E c’era sempre lei a gestire in qualità di Pecc Flight Surgeon, le evacuazioni aeromediche dei pazienti Covid dall’Italia alla Germania quando si è realizzata una sinergia inedita tra i due Paesi Ue ad aprile. “E’ stata una fase molto delicata, anche critica direi – spiega Guadalupi che col suo team ha movimentato più di 500 pazienti gravi da inizio pandemia -. E’ stato impegnativo e di responsabilità interfacciarsi con organismi internazionali ma soprattutto la grande responsabilità è stata con le famiglie dei malati che vivono la paura di rimanere senza notizie dei propri cari”. Momenti intensi? “Tanti. Anche di commozione. In uno degli ultimi trasporti, una suora italiana che operava all’estero mi ha donato una lettera che porto sempre con me nel portafogli e un piccolo ciondolo con l’effigie della Madonna.
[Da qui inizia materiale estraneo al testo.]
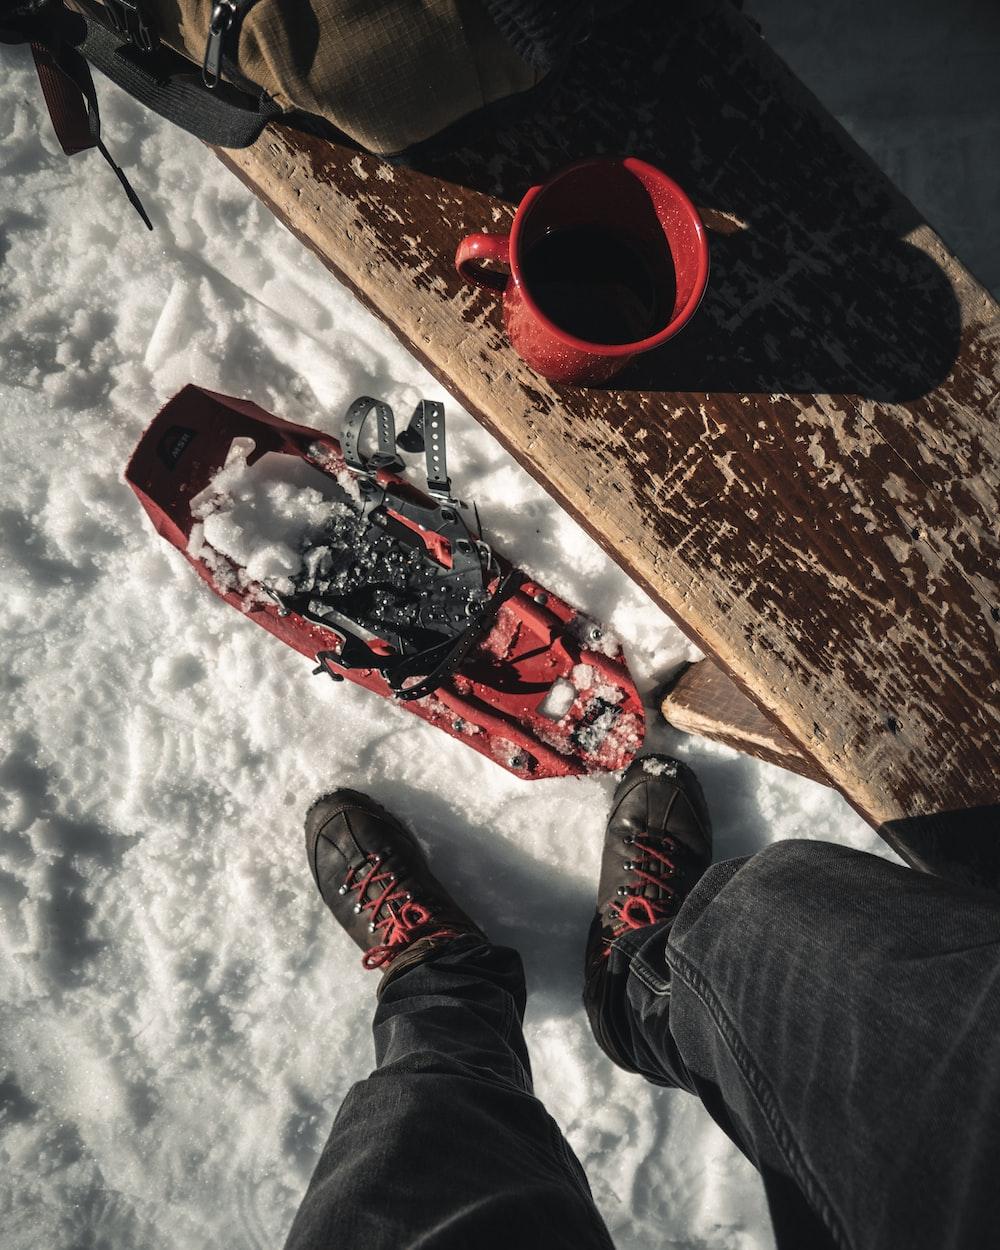 red ceramic mug on wooden bench outside snow

Affidandomela in mano mi chiedeva quasi una salvezza”. Nell’ Aeronautica entrano anche nuove forze “rosa”. Quest’estate ha fatto il suo ingresso come ufficiale medico grazie al concorso straordinario bandito ad hoc dalle Forze Armate, il tenente Ginevra Leoni, ora operativa in una delle postazioni Drive Through di Linate realizzate in collaborazione con gli enti locali e l’Ats. “Riusciamo a processare circa 400 tamponi al giorno – spiega-, si effettuano senza prescrizione. Ho notato la compostezza con cui le persone che vengono ci esprimono anche le loro preoccupazioni. E’ capitato con i genitori di un bimbo di sei mesi. Oppure è venuta una signora che ha accompagnato la sua badante ed aveva le lacrime agli occhi. In quei momenti c’è anche da tranquillizzare e quello che è bello è sentire in risposta un vero grazie. A volte, in ospedale, non si realizzava lo stesso rapporto umano”.